WORK TO BE COMPLETED
Copy the data exactly; pictures stay out of the copy.

DATASET EXTRACT
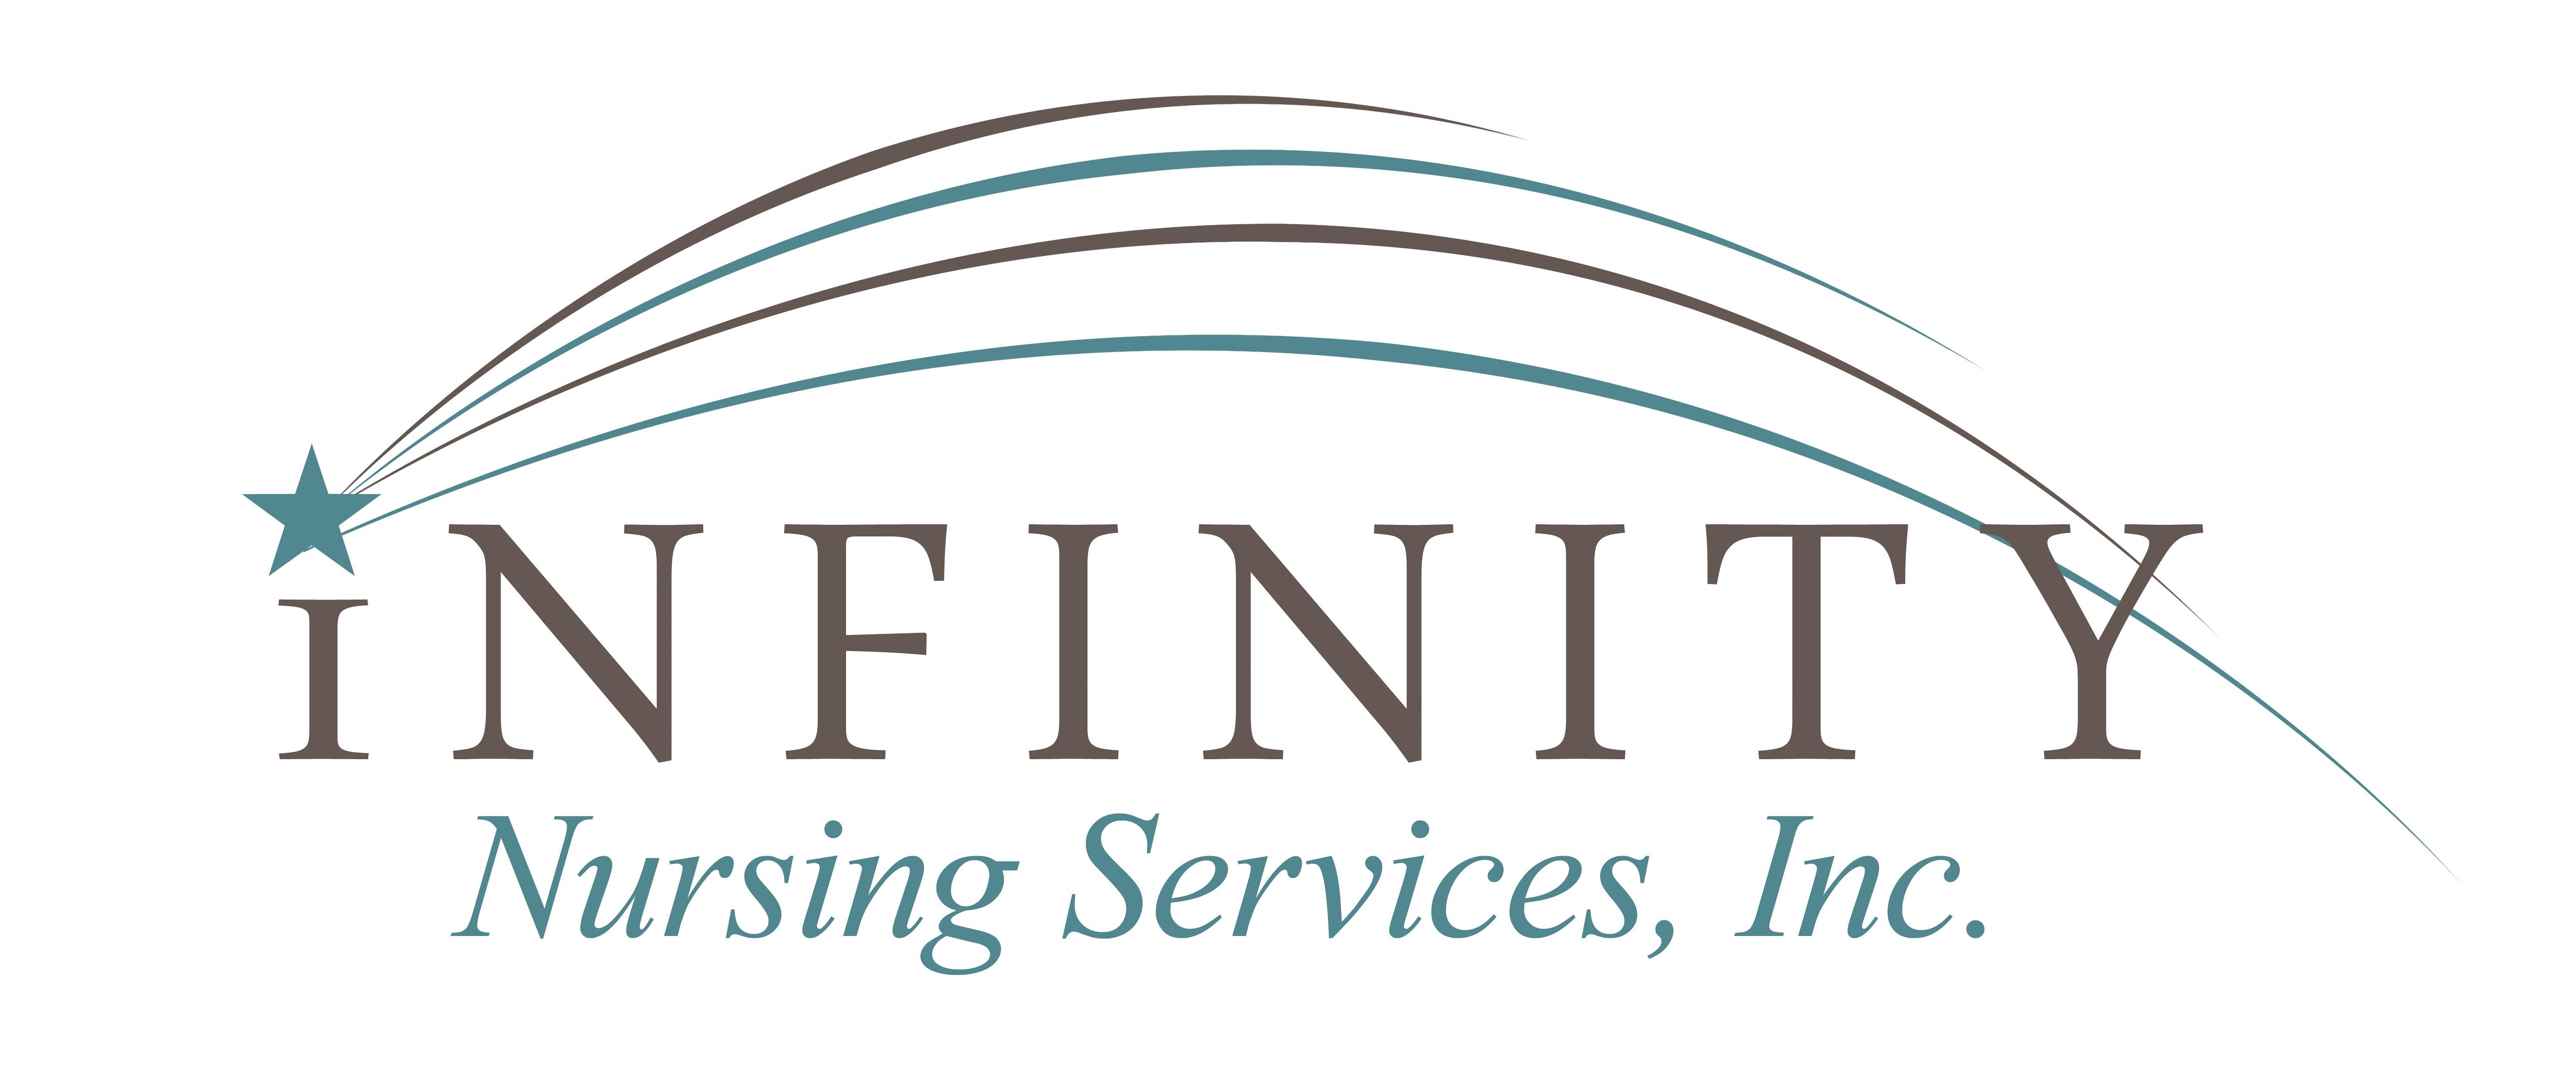 Infinity Nursing Services
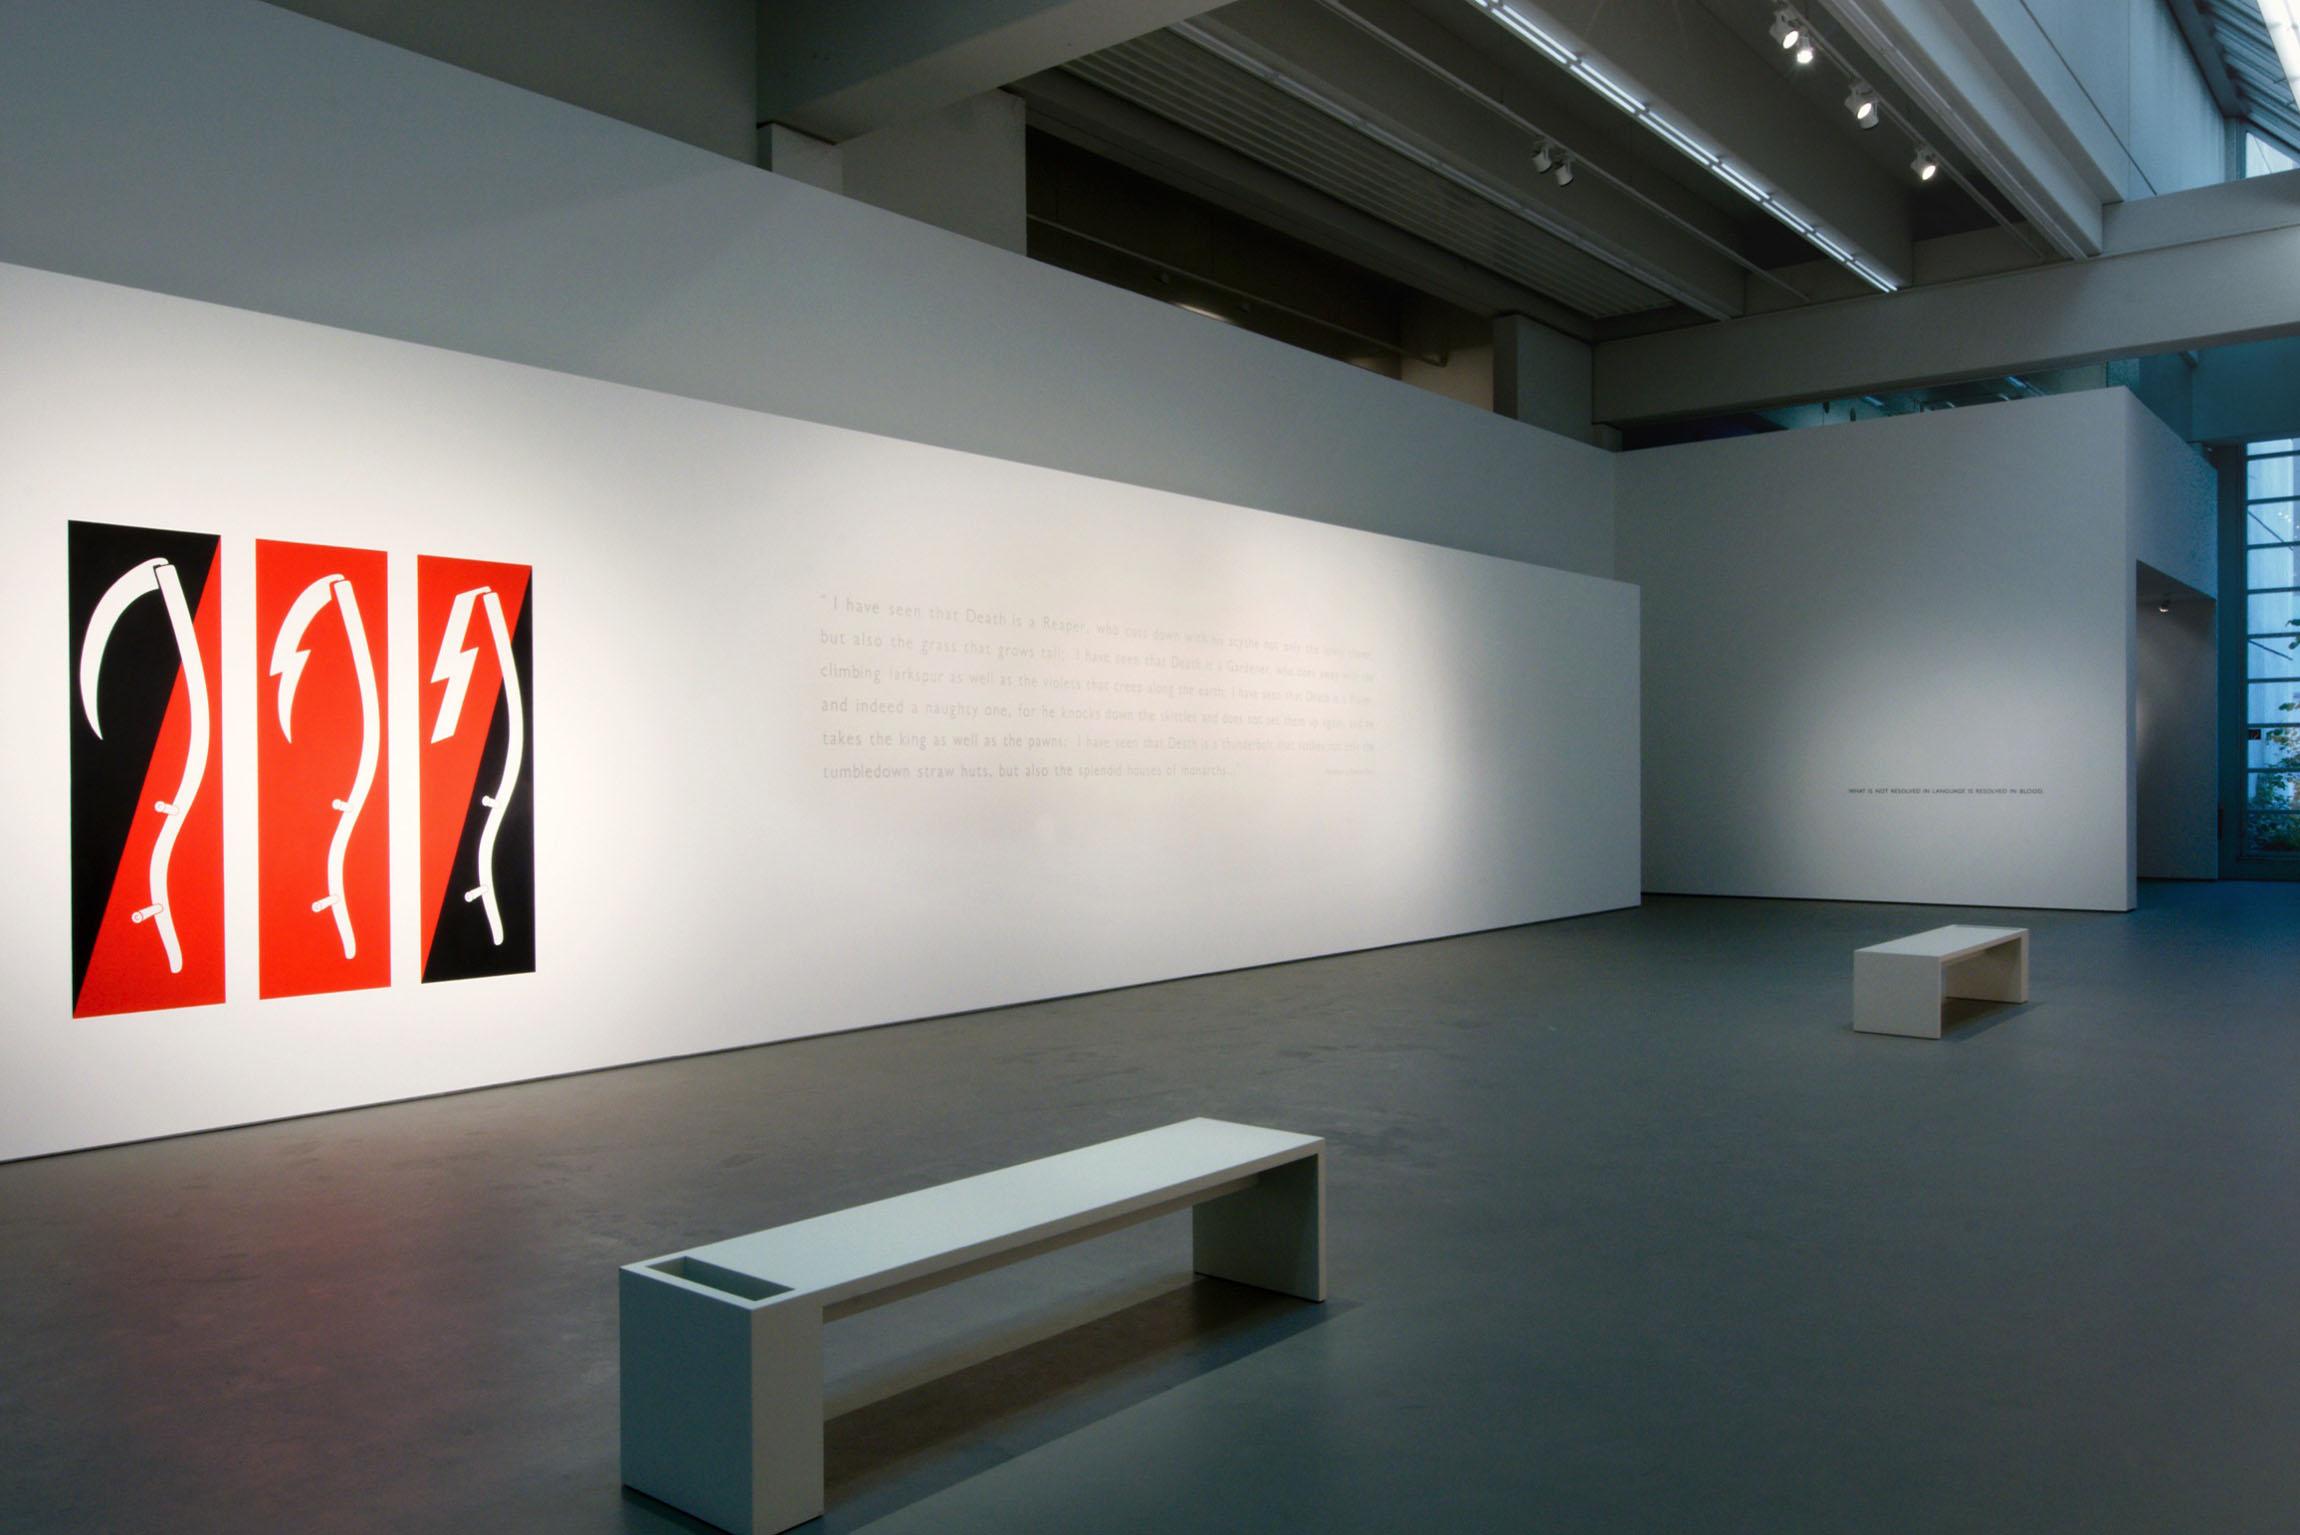 2012 Ian Hamilton Finlay Inter artes et naturam
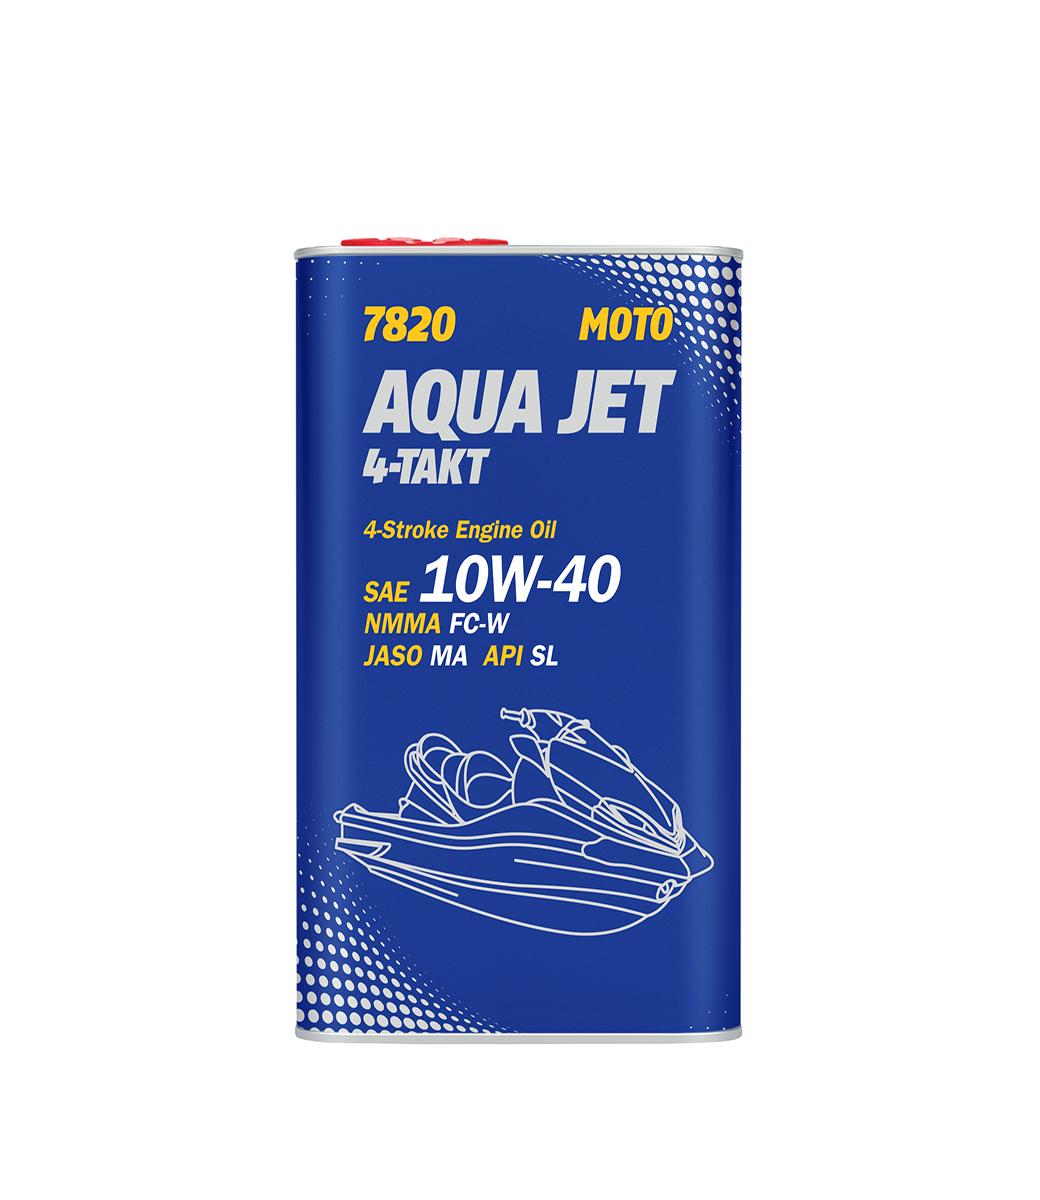 Aqua Jet 4-Takt 10w-40

WRITTEN ANSWER
 Infinity Nursing Services
 2012 Ian Hamilton Finlay Inter artes et naturam
 Aqua Jet 4-Takt 10w-40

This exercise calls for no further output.